The confrontation with the couple

The real couples, of flesh and bone and fluff in the navel, are people with virtues and defects, and if they exist. In the meantime, the ideal partners are of appearance, they are people who try to hide their condition of human beings, take refuge in the appearance.

Why do I see qualities in my partner that I really don't have?

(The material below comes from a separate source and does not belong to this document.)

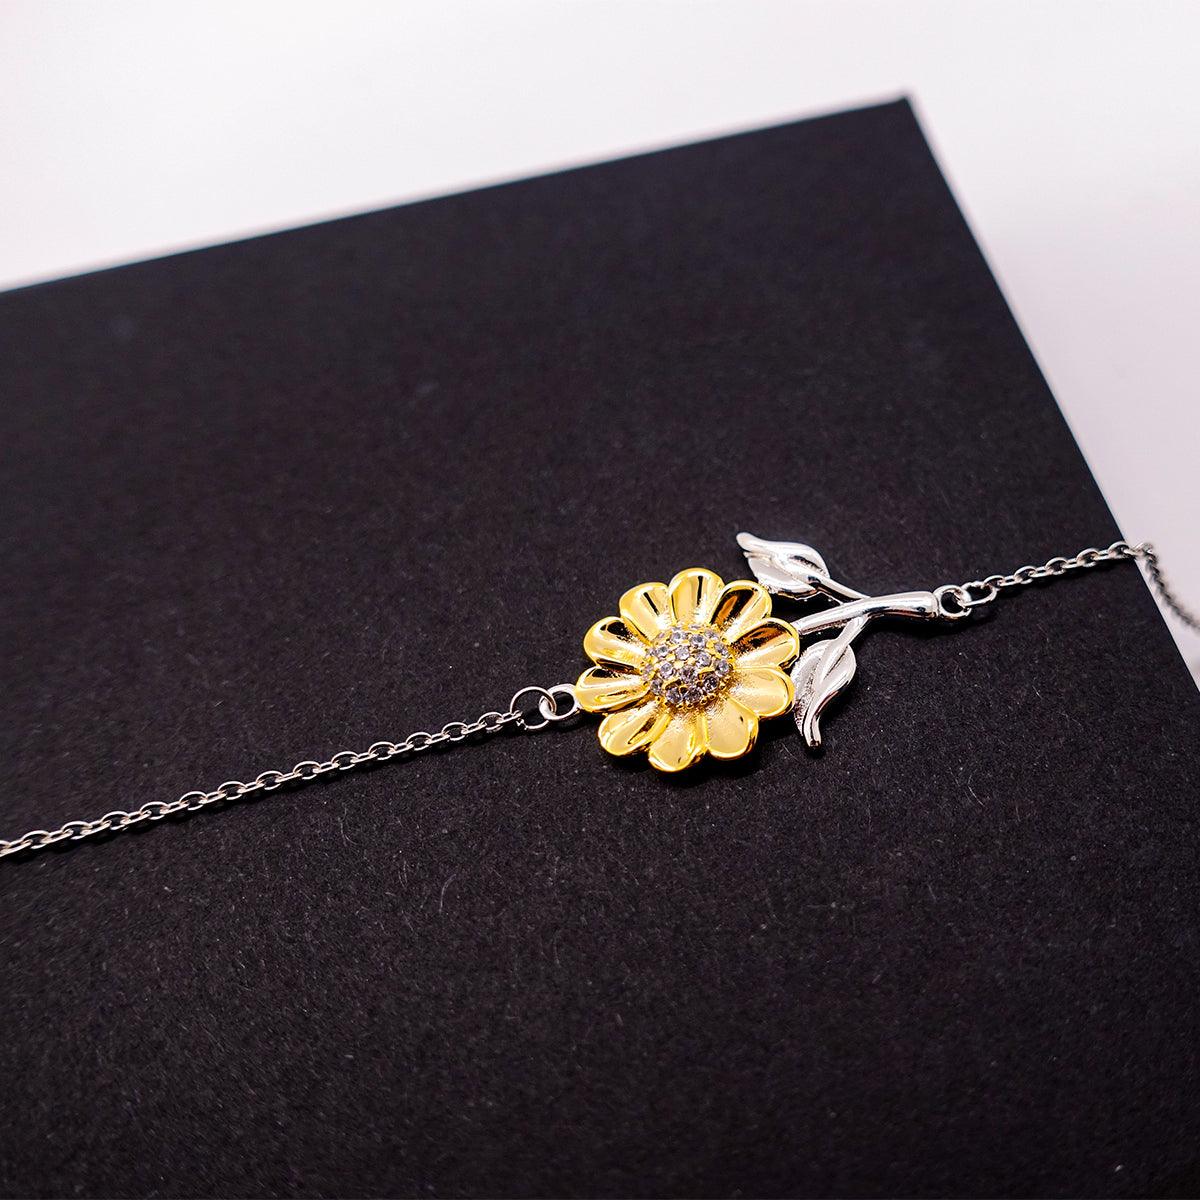 Parole Officer Sunflower Bracelet - Thanks for being who you are - Birthday Christmas Jewelry Gifts Coworkers Colleague Boss - Mallard Moon Gift Shop

  • Because I am unable to recognize that my partner is a human being like me with virtues and defects.
  • Because I'm afraid to face my loneliness.
  • Because I'm used to complaining most of the time (playing the role of victim).
  • Because I don't respect myself internally.
  • Because I have a very low self-esteem.
  • Because I don't know myself as a person inside.
  • Because I am not aware that happiness is an inner task. It is not a goal but a path, but I place my happiness in my partner.
  • Because I don't establish relationships of commitment.
  • Because I think nobody in this world could understand me.
  • Because I don't think there really is a couple that can get along fairly well (projection) with me.
  • Because it is always normal for me to live in the lawsuit.
  • Because I don't know how to build my own happiness.
  • Because it is better bad for known than good for knowing.
  • Because I guess in sex no one else could understand me.
  • Because I am unable to recognize that I chose my partner badly.
  • Because I have built a social image that I will not destroy just by changing partners.
  • Because we already have children and I will not leave them without their father / mother.
  • Because we have material projects that have cost me and I will not leave them in the hands of someone else (a lover).
  • Because all things considered by all men / women are the same.

However, beauty is in the eyes of the observer and ... There is always a broken one for a riot!

Suggestions for change

  • Everything that resists persists.
  • The higher the expectations regarding the couple and are not met, the greater the pain and frustration they experience.
  • The relationship is like a garden that needs to be taken care of and cultivated by both members.
  • Happiness in the relationship, in principle it is a more personal work, and secondly it is a joint work.
  • You can not demand in the couple, what you are not able to give. "Nobody gives what does not have".
  • The problems of the couple, depend in reality on the personality and affective deficiencies of each of its members.
  • The more responsible each of the members of their own emotional responsibilities, the happier they can be.
  • Any couple can grow in situations of crisis more serious if they are able to see them as an opportunity for growth and not as an obstacle.
  • If all this does not work, "ask for professional help."

One last option is to change the paradigm "learn to love yourself so you can love someone else”, The result would be: Instead of asking myself: Why don't I have the partner I want? Would Why not learn to love the couple I have? (The latter is a phrase from my friend José Antonio Hernández).